The start of this year’s Tour coincides with another great sporting event, the World Cup, and Birnie remarked: “For a football fan the World Cup is a fantastic event to sit and watch on TV and I’m sure for the football journalists, travelling around Brazil this summer will be amazing. But I don’t get the feeling there’s the same sense there is with the Tour where literally everybody on the race packs up and moves on. It’s like being part of one big circus that moves on every day.”

He continued: “If you’re a journalist and you can’t find a story on the Tour de France you should do something else because there’s always something going on.

“One of the joys for me is there’s this huge overarching narrative, the main stories, but then it’s talking to other people and getting the flavour of the race, what’s going on for them. It might be a guy who’s crashed and he’s bandaged up and he’s suffering through and just looking forward to getting to Paris.

“There’s always something going on to pique your interest and keep you going because it is knackering, it’s absolutely knackering.

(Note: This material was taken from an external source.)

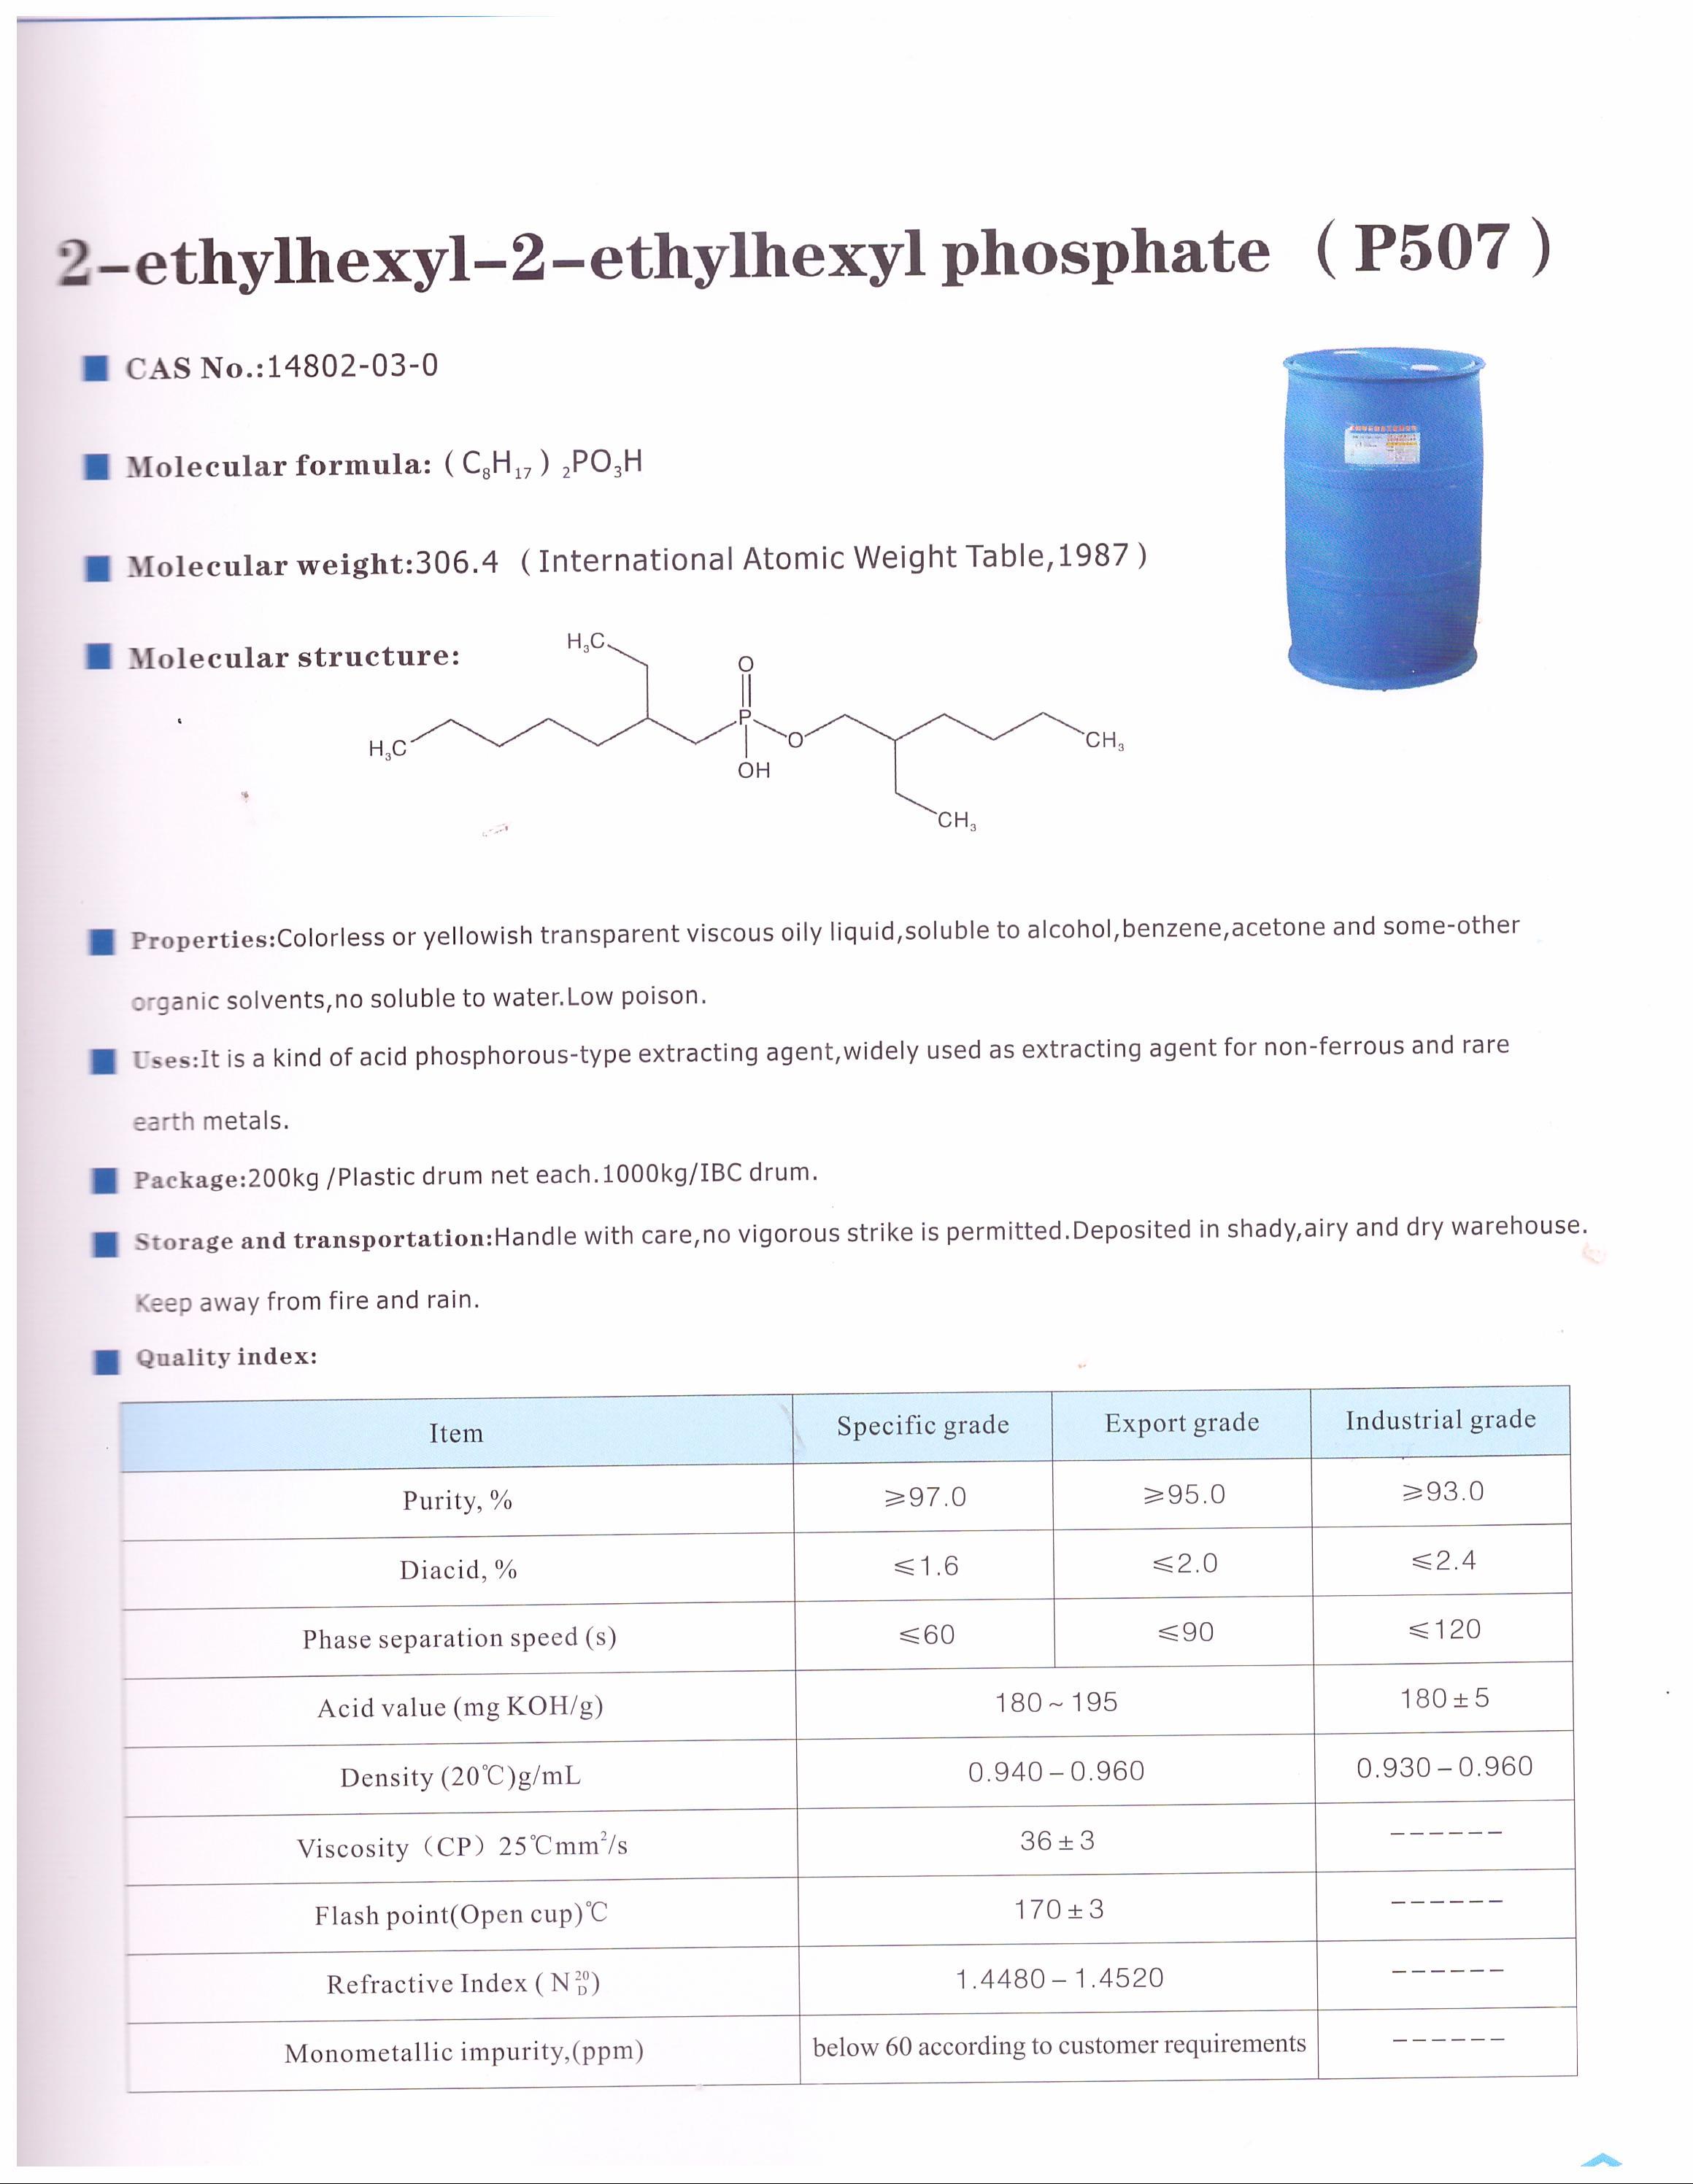 2-ethylhexyl-2-ethylhxyl phosphate  (P507).jpg

“After a week you feel tired and you wonder whether you’re going to be able to carry on but two weeks later you arrive in Paris and you realise how tiring it’s been. It is totally full on from morning to night because, quite aside from anything else, you’ve got to do all the driving as well. The riders might ride 100 miles but the course for the journalists might be double that.

“But you do feel closer to it all and you try and convey that to people who aren’t fortunate enough to be there, particularly now with social media you get more feedback on what you do. In so many ways it is just a rewarding experience.

“In a way I don’t look forward to leaving home because you do go a few days early and yet the idea of not being there is much worse than the thought of being away for three-and-a-half weeks.”